Der Medizin-Nobelpreis geht an den Klonpionier John Gurdon und den Stammzellforscher Shinya Yamanaka. Er hat einen Jungbrunnen für kranke oder verbrauchte Organe erschaffen. "Dolly"-Schöpfer Ian Wilmut hingegen geht leer aus.

Yama wer? Als der japanische Arzt Shinya Yamanaka vor sechs Jahren seine bahnbrechenden Forschungsergebnisse im Fachblatt „Cell“ veröffentlichte, war er nur wenigen Eingeweihten bekannt. Dafür, dass er fast ein Niemand war, behauptete der Forscher von der Universität Kyoto geradezu Ungeheures. Ihm und seinen Mitarbeitern sei es geglückt, ausgereifte Hautzellen von Mäusen wieder in quasi embryonale, pluripotente Stammzellen zurückzuverwandeln. Und damit in Zellen, die sich in so gut wie alle Gewebearten entwickeln konnten.

Aus alt mach neu – Yamanaka hatte einen Jungbrunnen für kranke oder verbrauchte Organe erschaffen.

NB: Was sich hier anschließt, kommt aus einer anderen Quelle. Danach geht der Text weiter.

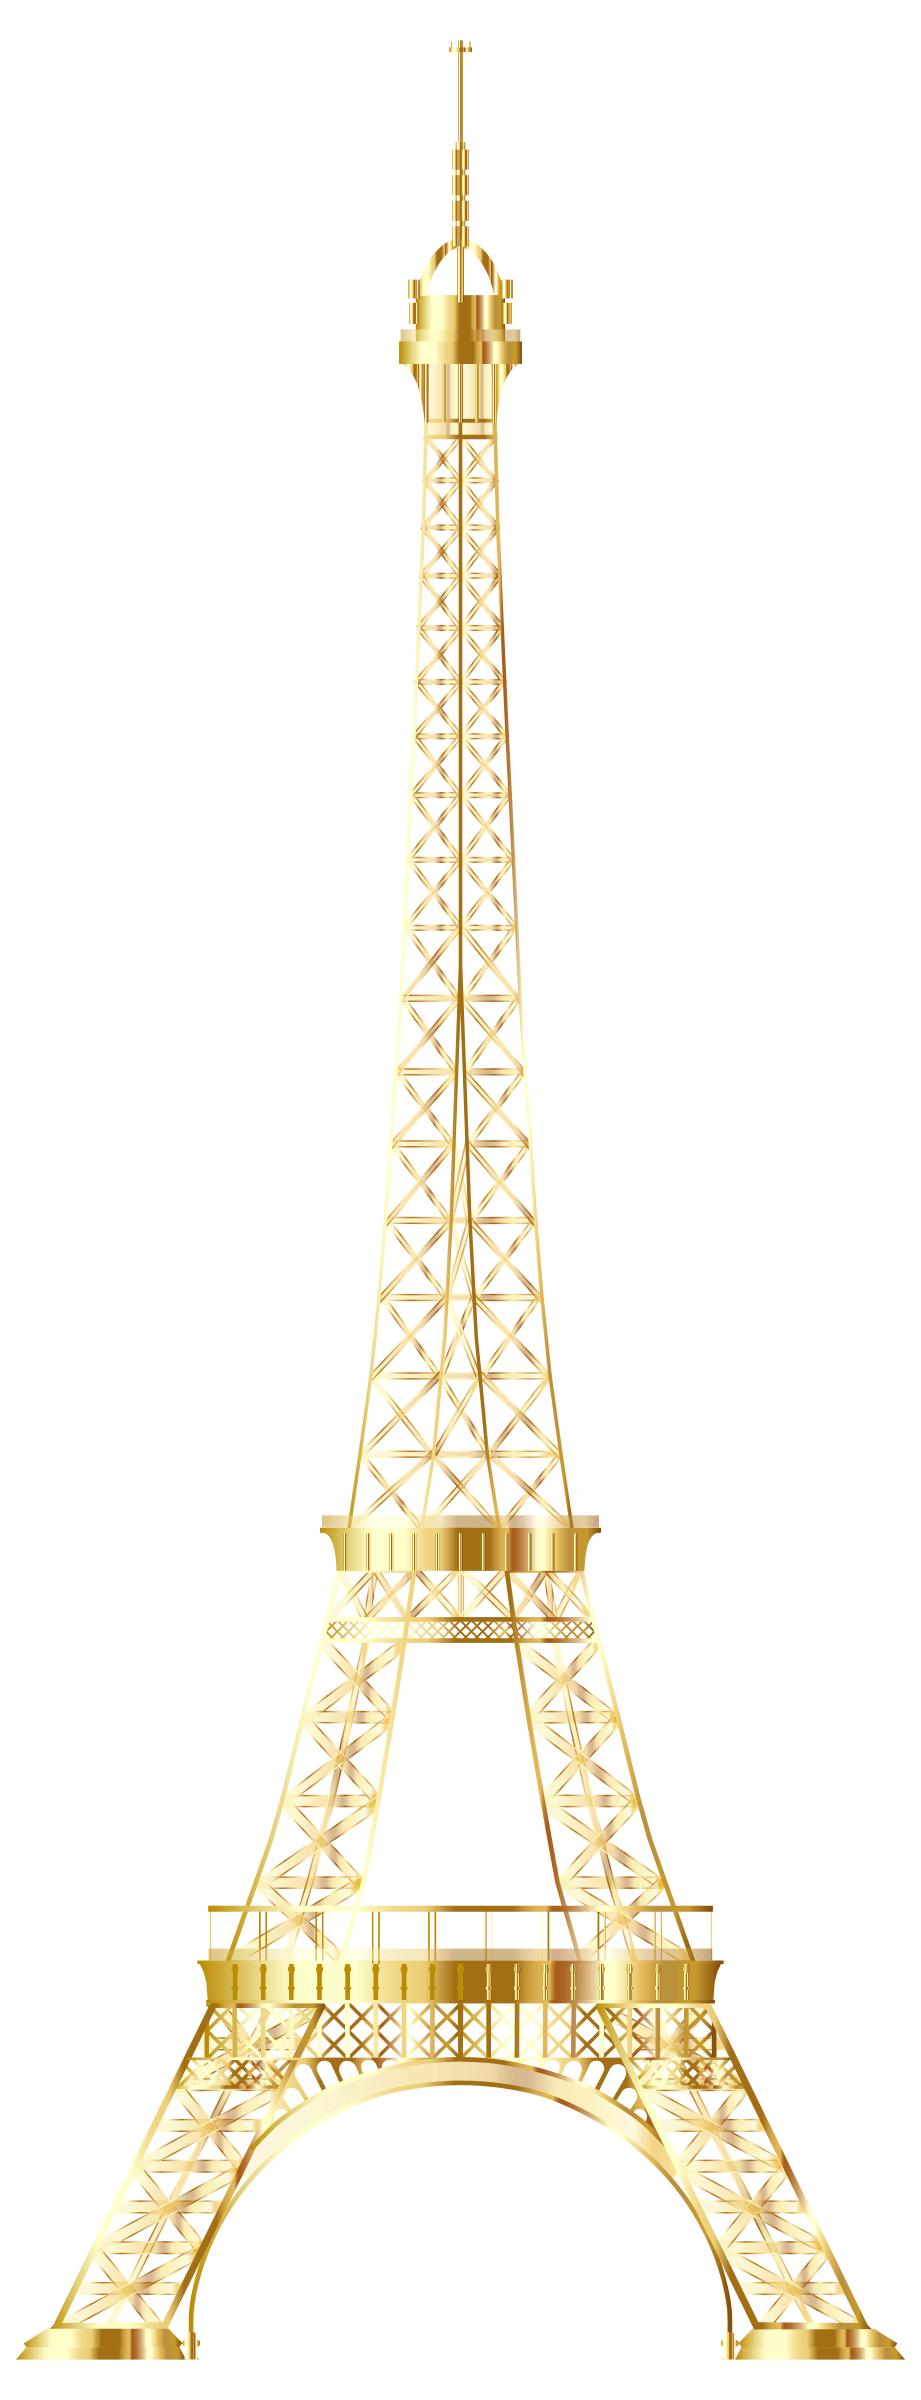 Black Silver Glitter Wallpaper Clipart Eiffel Tower Gold No Background

Dafür bekommt der gerade 50-Jährige am 10. Dezember in Stockholm den Nobelpreis für Medizin überreicht. Die Preissumme in Höhe von 930 000 Euro teilt er sich mit John Gurdon von der Universität Cambridge in Großbritannien. Der heute 79-Jährige Biologe Gurdon hatte 1958 und 1962 erstmals Frösche geklont und damit den Beweis geliefert, dass Leben keine Einbahnstraße von der universalen Urzelle hin zu spezialisierten Organen und Gewebearten ist. Auch der Weg zurück ist möglich. Wiewohl es Jahrzehnte brauchte, ihn zu erforschen.

Yamanakas Durchbruch stieß zunächst auf Skepsis. Und das nicht zuletzt deshalb, weil kurz zuvor der prominente koreanische Stammzellforscher Hwang Woo-suk von der Seoul National University als Betrüger aufgeflogen war. Wissenschaftler, Ärzte und Patienten hatten große Hoffnungen auf Hwang gesetzt, weil es ihm angeblich gelungen war, menschliche embryonale Stammzellen von Patienten zu klonen. Aber die Ergebnisse Hwangs, der sich ausgiebig feiern ließ und in Korea schon fast ein Nationalheld war, waren gefälscht, der Tierarzt wurde zu einer Gefängnisstrafe verurteilt. Die wegen des Gebrauchs menschlicher Embryonen stark umstrittene Stammzellforschung rutschte mehr und mehr in die Krise.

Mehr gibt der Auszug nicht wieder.